Assignment: Please take the lines from the one holding "Richter Kinder Halbschuhe" through the one holding "in Le Monde" in the data below and copy them exactly.

Provided information:
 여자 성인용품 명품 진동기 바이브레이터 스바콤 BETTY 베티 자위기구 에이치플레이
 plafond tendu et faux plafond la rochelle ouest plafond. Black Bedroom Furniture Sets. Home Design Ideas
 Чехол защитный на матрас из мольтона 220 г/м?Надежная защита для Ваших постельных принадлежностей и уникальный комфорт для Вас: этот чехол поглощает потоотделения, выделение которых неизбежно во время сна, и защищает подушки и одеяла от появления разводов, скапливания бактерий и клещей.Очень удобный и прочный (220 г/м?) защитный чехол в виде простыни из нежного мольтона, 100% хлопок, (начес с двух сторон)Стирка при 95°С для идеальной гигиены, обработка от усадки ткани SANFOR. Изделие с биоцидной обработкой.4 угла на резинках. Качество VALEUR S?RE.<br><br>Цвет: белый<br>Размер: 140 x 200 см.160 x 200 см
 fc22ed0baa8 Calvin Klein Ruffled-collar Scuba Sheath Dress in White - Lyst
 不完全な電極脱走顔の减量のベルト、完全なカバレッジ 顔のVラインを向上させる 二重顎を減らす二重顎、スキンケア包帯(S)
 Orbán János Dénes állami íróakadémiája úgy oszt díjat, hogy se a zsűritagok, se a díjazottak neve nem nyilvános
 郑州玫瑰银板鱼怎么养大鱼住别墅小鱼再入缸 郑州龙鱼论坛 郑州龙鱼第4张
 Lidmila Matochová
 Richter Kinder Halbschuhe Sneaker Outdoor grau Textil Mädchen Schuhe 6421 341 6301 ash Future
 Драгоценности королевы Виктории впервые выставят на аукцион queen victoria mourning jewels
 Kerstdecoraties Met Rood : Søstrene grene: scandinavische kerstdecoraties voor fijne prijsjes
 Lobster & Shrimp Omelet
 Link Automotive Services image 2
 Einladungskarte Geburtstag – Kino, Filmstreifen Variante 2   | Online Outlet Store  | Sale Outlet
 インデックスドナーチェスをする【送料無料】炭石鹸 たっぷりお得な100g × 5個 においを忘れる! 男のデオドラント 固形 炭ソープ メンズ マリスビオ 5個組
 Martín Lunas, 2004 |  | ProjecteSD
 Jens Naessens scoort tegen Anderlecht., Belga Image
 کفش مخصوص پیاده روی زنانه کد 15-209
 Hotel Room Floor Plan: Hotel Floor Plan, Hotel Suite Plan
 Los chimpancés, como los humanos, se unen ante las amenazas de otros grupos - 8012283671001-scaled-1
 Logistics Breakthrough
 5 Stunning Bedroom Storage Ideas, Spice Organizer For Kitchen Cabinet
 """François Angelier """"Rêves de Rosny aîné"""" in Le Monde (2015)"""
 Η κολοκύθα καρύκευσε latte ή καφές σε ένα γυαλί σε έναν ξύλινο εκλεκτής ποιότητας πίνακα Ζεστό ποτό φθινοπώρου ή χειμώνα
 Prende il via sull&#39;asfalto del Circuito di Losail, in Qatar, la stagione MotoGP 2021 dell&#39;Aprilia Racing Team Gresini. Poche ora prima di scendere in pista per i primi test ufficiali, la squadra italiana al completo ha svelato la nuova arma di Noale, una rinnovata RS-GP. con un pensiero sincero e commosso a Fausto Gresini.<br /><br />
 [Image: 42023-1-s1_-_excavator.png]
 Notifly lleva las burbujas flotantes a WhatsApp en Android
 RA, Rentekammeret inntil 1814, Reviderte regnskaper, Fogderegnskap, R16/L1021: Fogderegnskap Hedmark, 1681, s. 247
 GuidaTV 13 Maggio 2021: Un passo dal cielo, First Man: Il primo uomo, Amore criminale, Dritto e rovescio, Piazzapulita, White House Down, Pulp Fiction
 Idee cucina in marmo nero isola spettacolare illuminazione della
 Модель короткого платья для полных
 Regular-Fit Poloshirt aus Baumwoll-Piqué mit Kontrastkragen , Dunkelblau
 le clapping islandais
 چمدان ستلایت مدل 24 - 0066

Exercise output:
 Richter Kinder Halbschuhe Sneaker Outdoor grau Textil Mädchen Schuhe 6421 341 6301 ash Future
 Драгоценности королевы Виктории впервые выставят на аукцион queen victoria mourning jewels
 Kerstdecoraties Met Rood : Søstrene grene: scandinavische kerstdecoraties voor fijne prijsjes
 Lobster & Shrimp Omelet
 Link Automotive Services image 2
 Einladungskarte Geburtstag – Kino, Filmstreifen Variante 2   | Online Outlet Store  | Sale Outlet
 インデックスドナーチェスをする【送料無料】炭石鹸 たっぷりお得な100g × 5個 においを忘れる! 男のデオドラント 固形 炭ソープ メンズ マリスビオ 5個組
 Martín Lunas, 2004 |  | ProjecteSD
 Jens Naessens scoort tegen Anderlecht., Belga Image
 کفش مخصوص پیاده روی زنانه کد 15-209
 Hotel Room Floor Plan: Hotel Floor Plan, Hotel Suite Plan
 Los chimpancés, como los humanos, se unen ante las amenazas de otros grupos - 8012283671001-scaled-1
 Logistics Breakthrough
 5 Stunning Bedroom Storage Ideas, Spice Organizer For Kitchen Cabinet
 """François Angelier """"Rêves de Rosny aîné"""" in Le Monde (2015)"""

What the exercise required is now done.